Figure 3: Monotype scan body for digitization of the implant in regio FDI 45 with IOS (a) and corresponding STL-file (b).
Step 5: Design
The final implant crown was planned as screw-retained monolithic restoration out of a Lithium-di-silicate (LS2) CAD/CAM-blank (n!ce CAD, Institut Straumann AG, Basel, Switzerland) and bonded prefabricated titanium abutment (Variobase RN, Institut Straumann AG, Basel, Switzerland).
Based on the STL-file from the IOS, the anatomically fullcontoured shape and contour of the crown was designed and produced completely digital without any physical models and casting. Interproximal and occlusal contacts were defined virtually according to the threshold settings of the dental design software for chairside solutions (CARES C-Series, Institut Straumann AG, Basel, Switzerland) (Figure 4).
Figure 4: Virtual design of the screw-retained monolithic crown 45 (a); chairside milling (b). [CARES C-Series, Institut Straumann AG, Basel, Switzerland]
Step 6: Production
The virtual crown design was processed and produced with a 4-axis wet milling and grinding equipment (CARES C-Series, Institut Straumann AG, Basel, Switzerland) for in-house manufacturing out of a monolithic LS2 CAD/CAM-blank (n!ce CAD, Institut Straumann AG, Basel, Switzerland) (Figure 4).
Step 7: Post-processing
After milling of the monolithic LS2 crown (Straumann CARES C-Series, Institut Straumann AG, Basel, Switzerland), the restoration was cleaned with 95 % ethanol, and for further post-processing finally polished and individually characterized. Then, the prepared LS2 crown was directly bonded to the pre-fabricated titanium abutment (Variobase RN, Institut Straumann AG, Basel, Switzerland) under extraoral conditions (Multilink Implant, IvoclarVivadent, Schaan, Liechtenstein).
Step 8: Final restoration
First, the interproximal fit, and secondary, the marginal integrity of the restoration was clinically assessed. Identical continuity with dental floss was separately controlled for mesial and distal contact surfaces. Next, the occlusal scheme was checked statically and dynamically with shimstock foil achieving light occlusal contacts without dynamic interactions. The monolithic LS2 restoration was screwed with a controlled torque of 35 Ncm according to the implant provider’s recommendations. The screw access hole was sealed with teflon and composite application (Figures 5).

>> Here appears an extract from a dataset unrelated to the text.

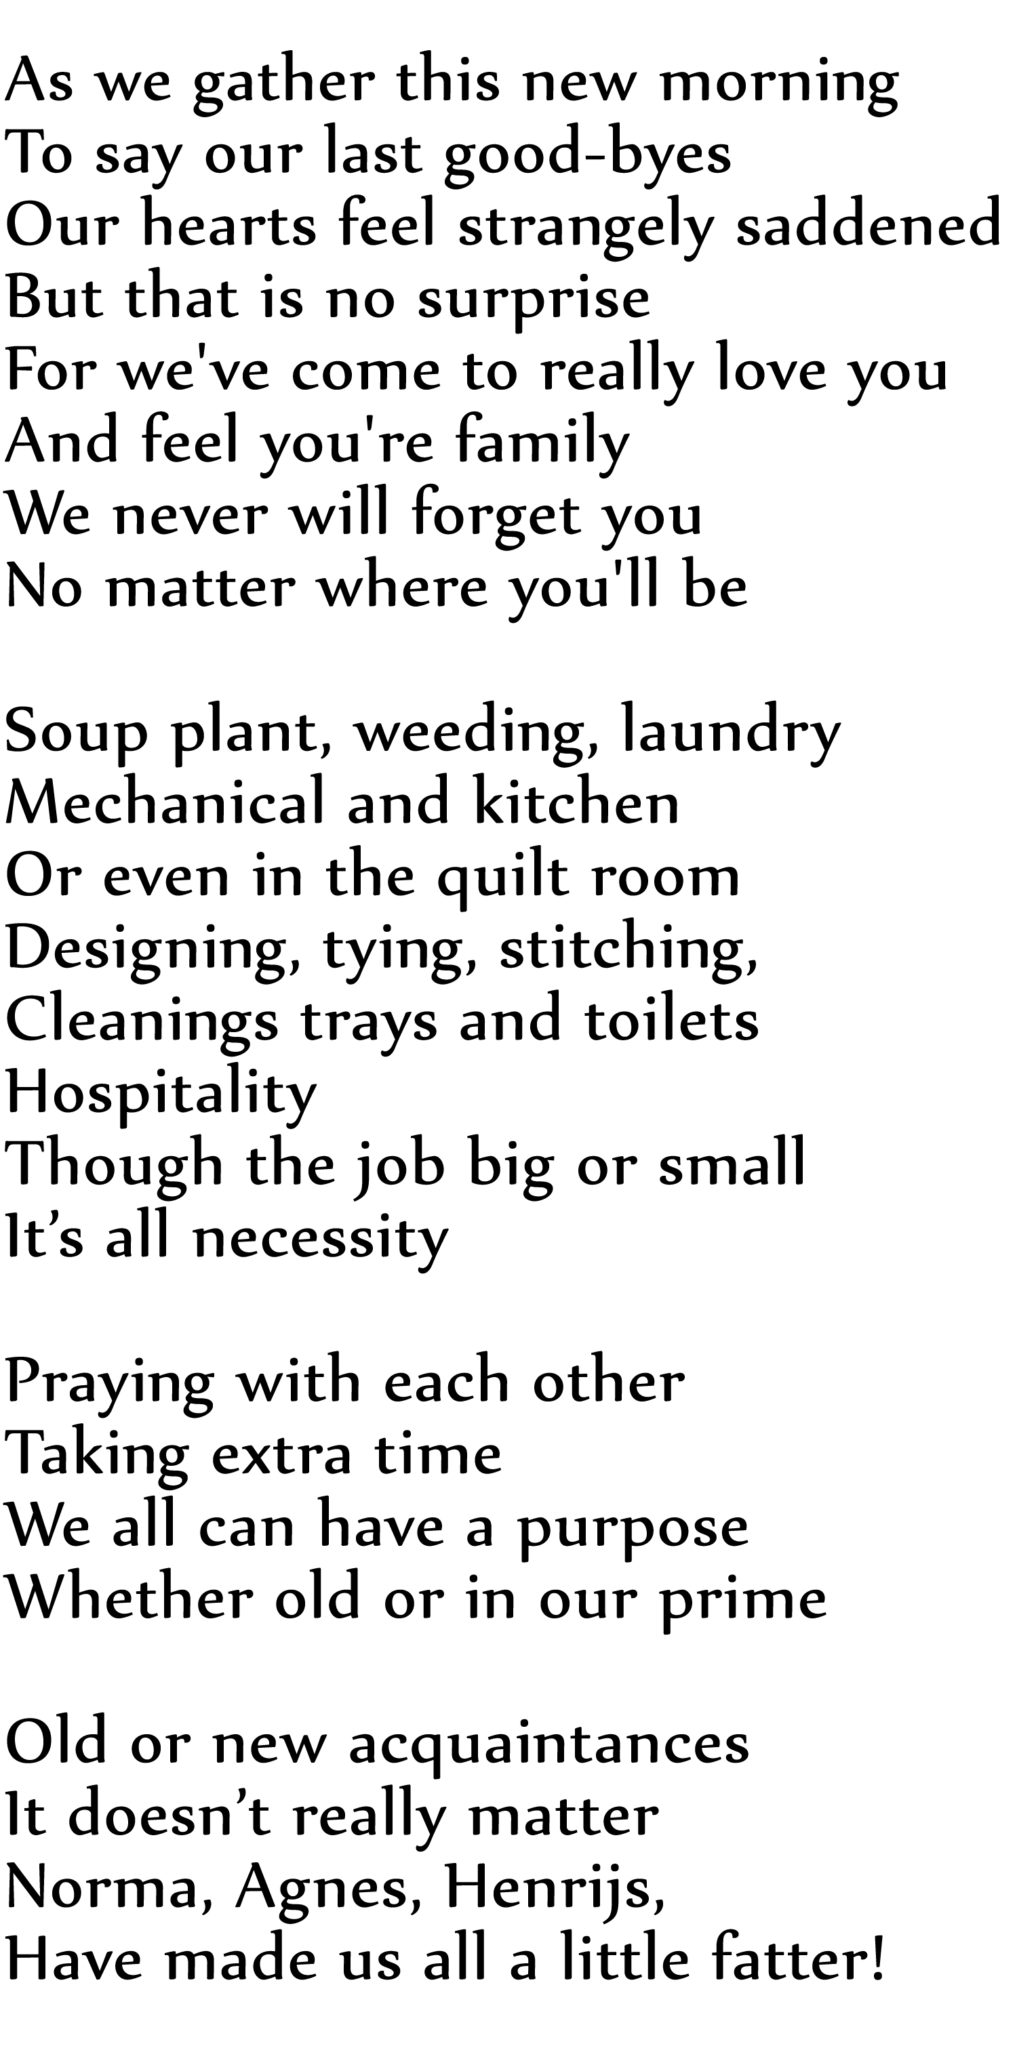 NormaJeanPoem
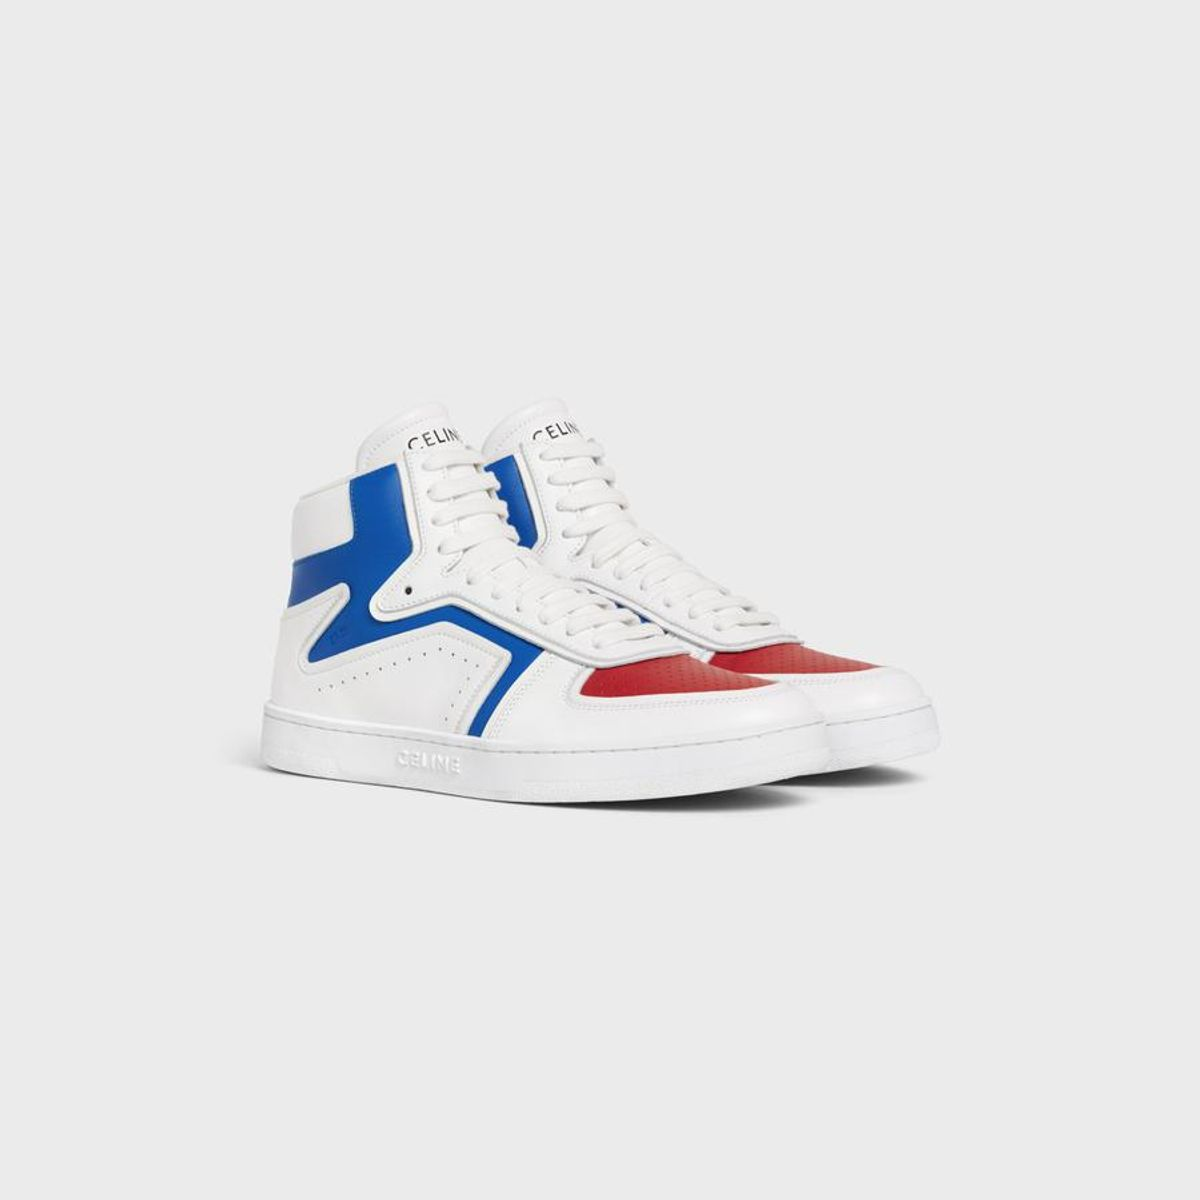 """Z"" Trainer CT-01 High Top Sneaker"

Figure 5: Final implant-retained monolithic crown in regio 45 from lateral (a) and occlusal with closure of thescrew access with composite (b); 2D radiographic control after insertion of the restoration (c).
The major advantages of digital dental technologies are related to standardized quality with high accuracy and streamlined production combined with reduced manpower resources . Initially clinical RCTs showed the superiority of complete digital processing compared to conventional pathways analyzing socio-economic considerations, such as clinical and technical time-efficiency . Regarding treatment costs, cost-minimization estimations showed decreased overall treatment costs for first line therapy, including laboratory fees, for implant crowns fabricated using quadrant-like IOS plus CAD/CAMtechnology .

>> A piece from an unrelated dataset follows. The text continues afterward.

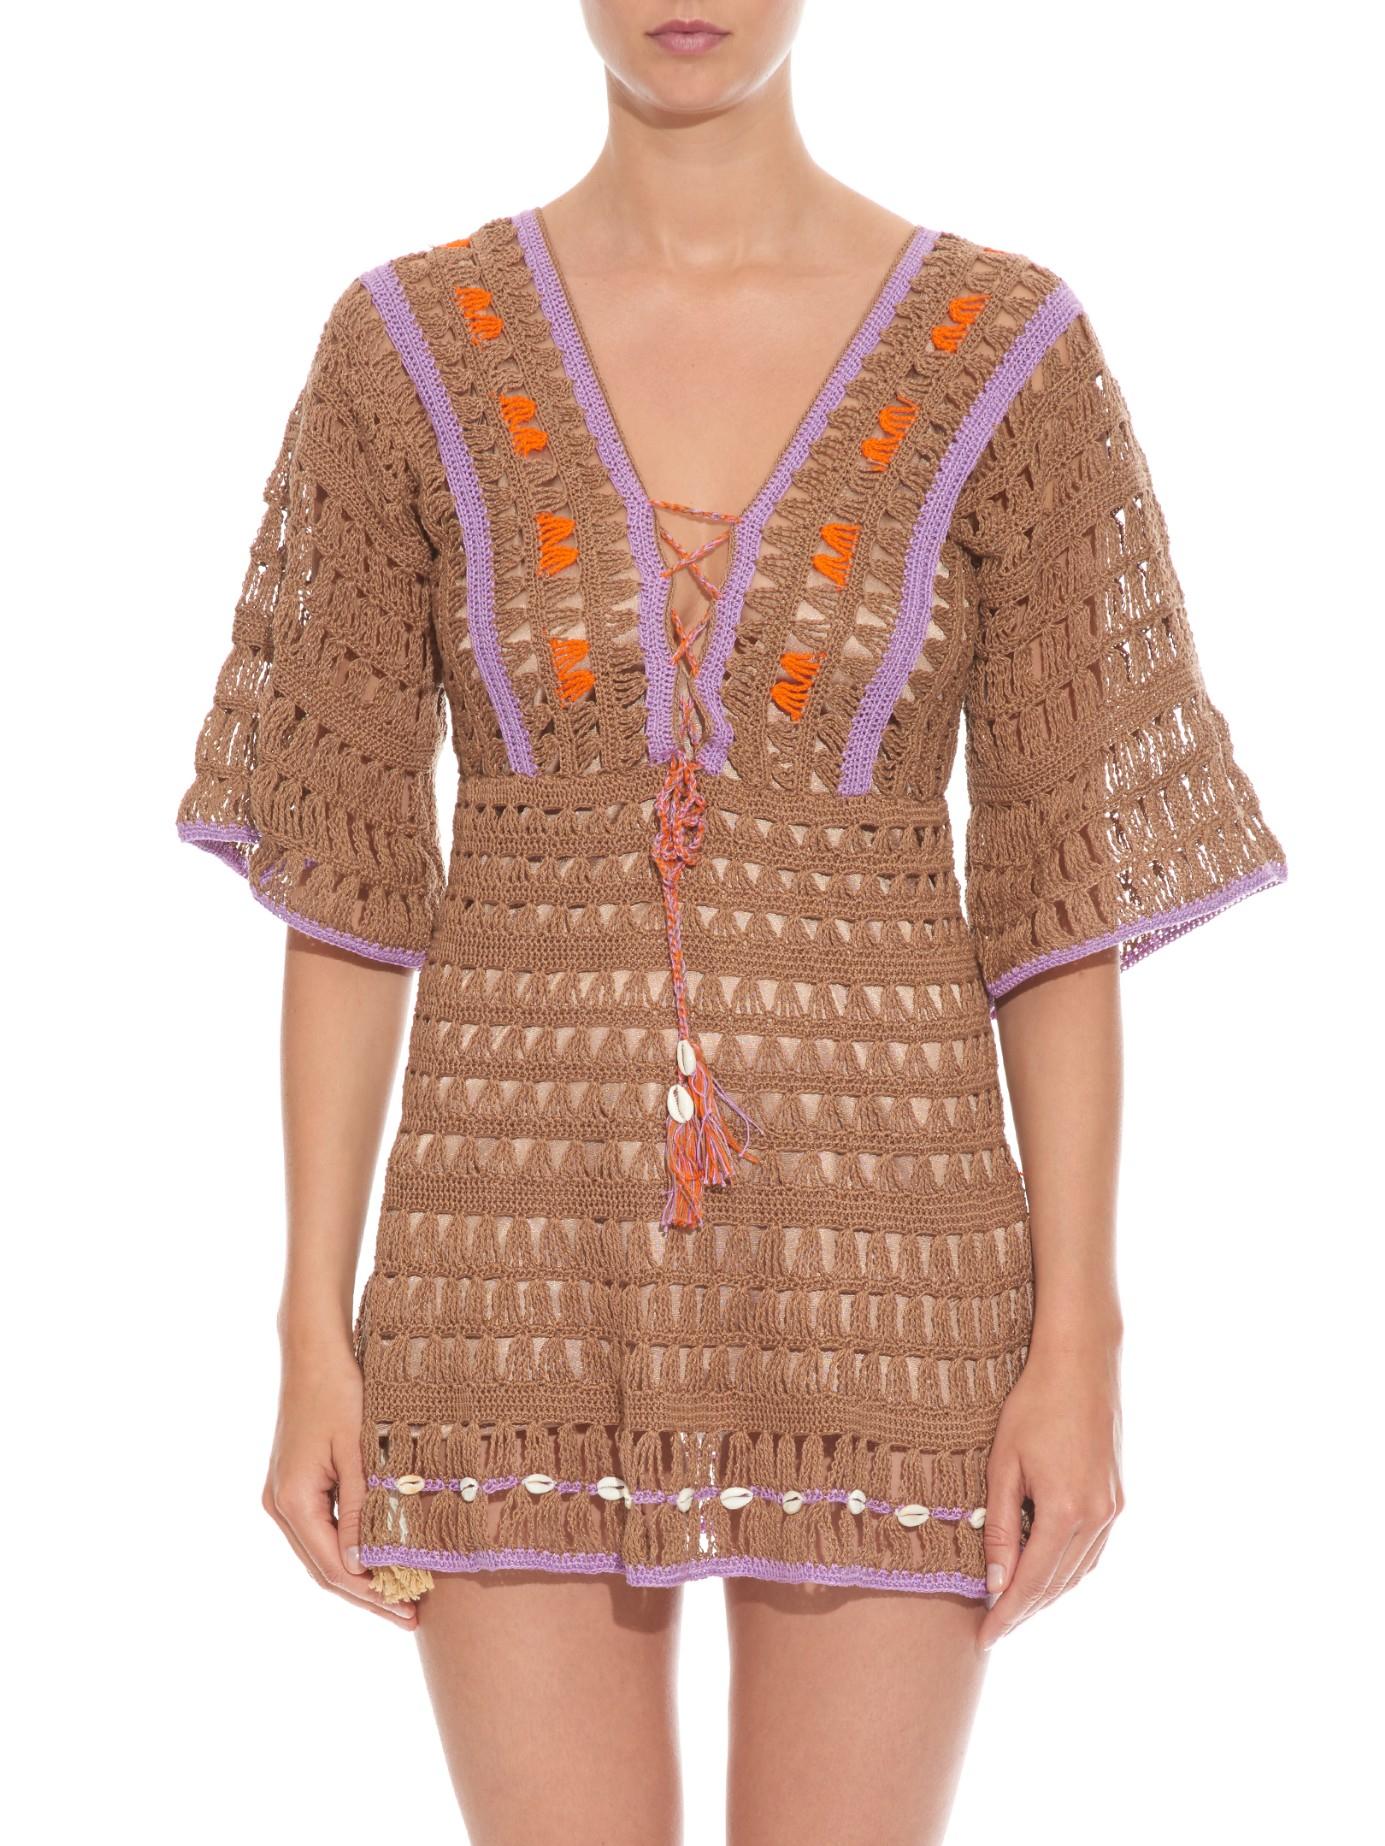 41e59e26b5e Anna Kosturova Medina Shell-embellished Crochet Dress in Brown - Lyst

In addition, the need for chairside corrections, such as secondary grinding and polishing, can be minimized, or may not even be necessary, within a complete digital protocol with monolithic restorations. This reduces work time but may also decrease the risk for cracks and chipping as a result of the absence of veneered ceramics . Digital applications may facilitate not only forward-thinking opportunities of functionality by means of implant restorations but also allow clinical treatment protocols in a more convenient approach for the patients when using IOS instead of conventional impressiontaking procedures .
Besides technical processing, the type of material suitable for fullcontoured crowns is debatable. These implant restorative materials must be able to tolerate and absorb excessive forces, but should also protect the antagonist for abrasion, especially in the case of naturally teeth.
Treatment protocols for single-unit monolithic implant restorations in posterior sites applying CAID with virtual implant planning, guided surgery, IOS and CAD/CAM-technology without any physical master model situations have to be considered in place of conventional manufacturing.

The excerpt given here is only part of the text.